Conclusions: A minimally interactive tool to segment OAR and GTV in 4D FDG-18 PET/CT NSCLC datasets has been proposed. Considering the results obtained, we may conclude that the preliminary clinical experiments provided promising results. Resulting contours may be used for various purposes, like ITV definition, mid ventilation volumes or aiding to treat moving targets. Consequently, further experiments will be carried out on larger databases to investigate its potential use in daily clinical practice. EP-1706 A pilot study examining deformable imaging in deriving a PET-based PTV for oesophageal cancer radiotherapy planning G. Ward1, S.M. Ramasamy2, J. Sykes1, F. Chowdhury3, A. Scarsbrook3, K. Harris2, P. Hatfield2, A. Crellin2, D. Sebag-Montefiore2, G. Radhakrishna2 1 Leeds Cancer Centre, Medical Physics and Engineering, Leeds, United Kingdom 2 Leeds Cancer Centre, Non Surgical Oncology, Leeds, United Kingdom 3 Leeds Cancer Centre, Clinical Radiology and Nuclear Medicine, Leeds, United Kingdom Purpose/Objective: Improving the delineation of the GTV remains a challenge in oesophageal cancer. Although PET-CT can identify the metabolically active gross tumour, there is uncertainty as to how it is best used. Detailed study of locoregional relapse is also important to determine the appropriate margins around the GTV for future studies of dose escalation. Materials and Methods: Data was collected for 16 patients treated between 2009 and 2010, 7 of which had infield recurrence. All patients were treated with chemoradiation receiving 3D conformal radiotherapy of 50Gy in 25 fractions to the PTV using the SCOPE 1 trial methodology. The PTV (PTVTP) uses the planning CT, diagnostic PET-CT and endoscopic ultrasound (EUS) without deformable image registration. In this study, the target volume was contoured on the PET-CT and deformable image registration (Mirada RTx, Mirada Medical, Oxford, UK) was used to transfer the volume to the planning CT. The entire circumference of the involved oesophagus was outlined as GTV (GTVPET) which was grown to form the PTVPET. This volume was compared to the PTVTP. For relapse patients, the relapse volume (GTVRELAPSE) was contoured on the relapse CT scan and deformable image registration was used to transfer the volume to the planning CT. The location of the relapse volume relative to the PTVTP and PTVPET was compared to determine its relationship to the high dose volume, i.e. the volume receiving 95% of the prescribed dose (figure 1).
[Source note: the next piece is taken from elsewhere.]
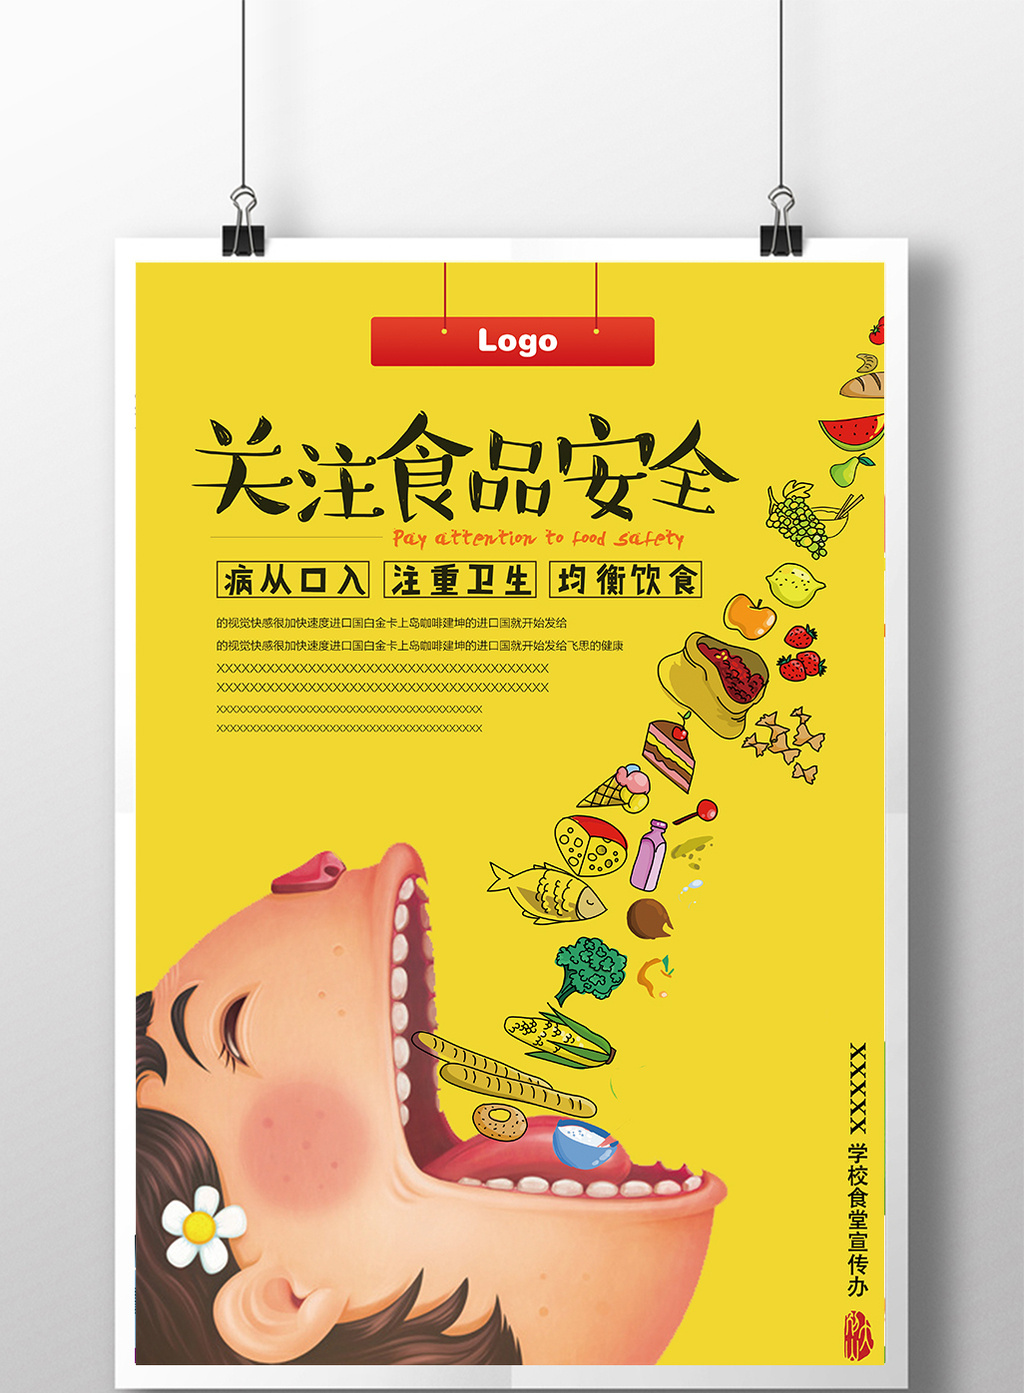 食品安全创意卡通公益海报PSD广告设计素材海报模板免费下载-享设计

Figure 1: For patient 6, the relapse volume is contained within both the PTVPET and the PTVTP. Results: The length of the PTVPET was shorter than the length of the PTVTP in 15/16 patients with an average reduction in the superior and inferior extensions of 1.8cm and 1.0cm respectively. Of the 7 relapse patients, one had small cell oesophageal cancer with an atypical pattern of relapse. This patient relapsed outside both the PTVPET and PTVTP. The remaining patients all relapsed in the high dose region (table 1). The GTVRELAPSE was contained within both the PTVPET and PTVTP for all but one patient. For this patient, the GTVRELAPSE extended beyond the inferior border of the PTVPET but was still contained within the PTVTP.